Part-whole. Many data sources include a notion of being a part of or a member of something. Part-whole knowledge can be transitive, such as that of geographic containment, exemplified by New York City being a part of New York State, which is also part of the United states. Other part-of notions, such as member-of are not necessarily transitive. A third category of part-whole knowledge is expressed with the material or the building blocks of an object, such as food being made of food ingredients. A useful distinction between these three notions of part-whole: physical part of (sunroof – car), member of (musician – duet), and substance of (steel – boiler), is provided by WebChild. In addition, the importance of this commonsense dimension is shown by HasPartKB , which is an entire resource dedicated to part-whole relations.

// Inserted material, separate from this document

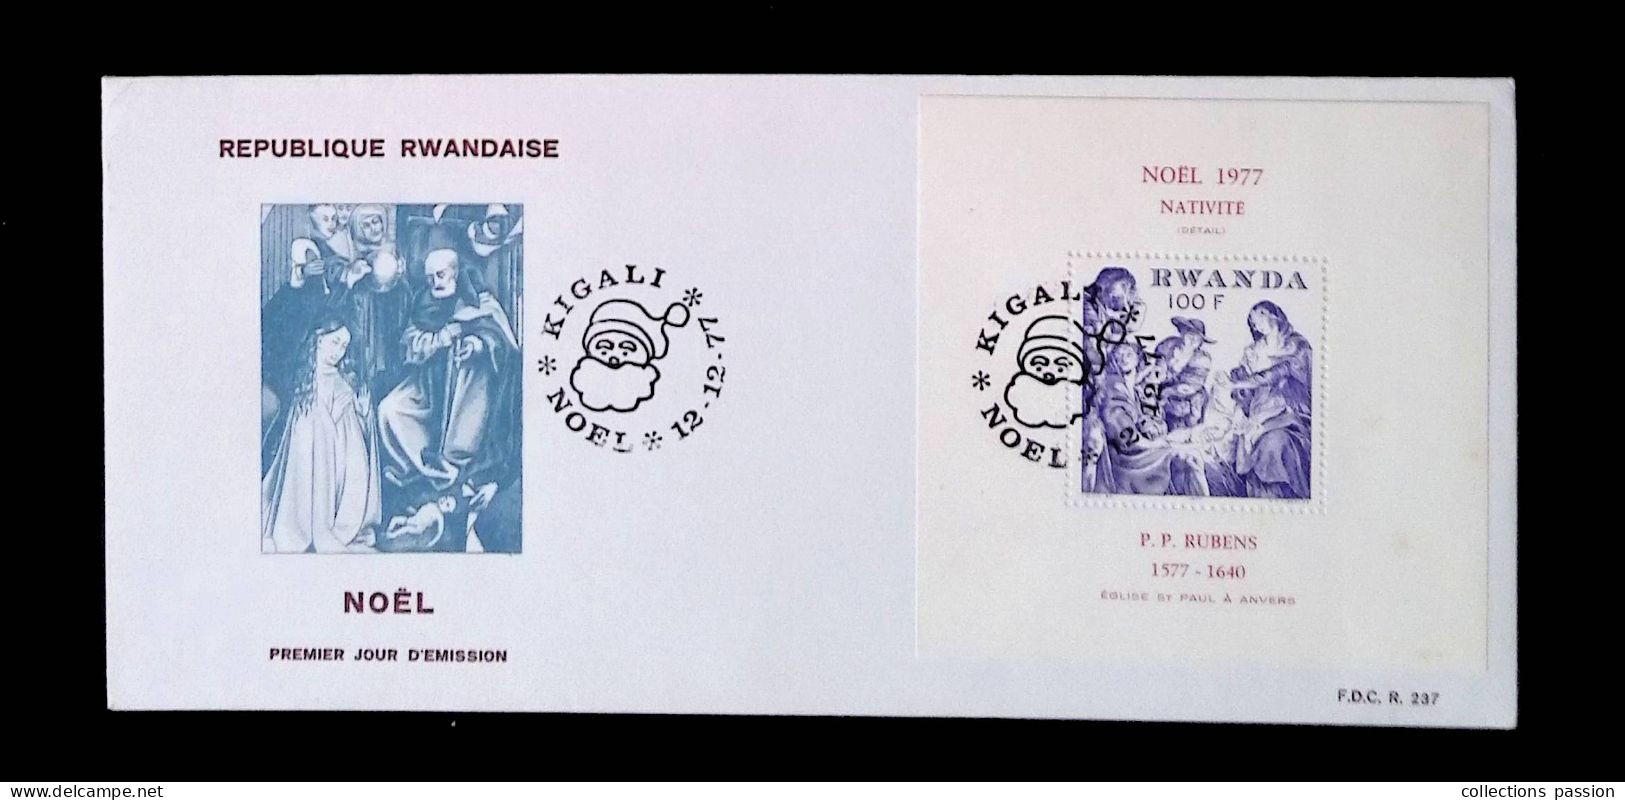 CL, FDC, Premier Jour, République Rwandaise, Rwanda, Kigali, 12-12-1977, Noël, Nativité, Rubens, Bloc, Frais Fr 1.95e - 1970-1979

Spatial. Spatial relations describe terms relating to or occupying space. This may entail indicating a usual location of a concept, as in the location property in wikidata or the AtLocation in ConceptNet. ConceptNet expresses locations for geographic entities, for example Boston is at location Massachusetts, as well as for things that can contain things: butter is at location refrigerator. Similarly to the latter case, Wikidata includes an example that toasters are located in kitchens. A weaker spatial relation is one of spatial proximity in WebChild or ConceptNet, specifying that, e.g., bikes are located near roads. While Visual Genome does not explicitly have a spatial relation, concepts occurring in the same image region can be represented with the LocatedNear relation . Example such statements include food being located near a plate or a table.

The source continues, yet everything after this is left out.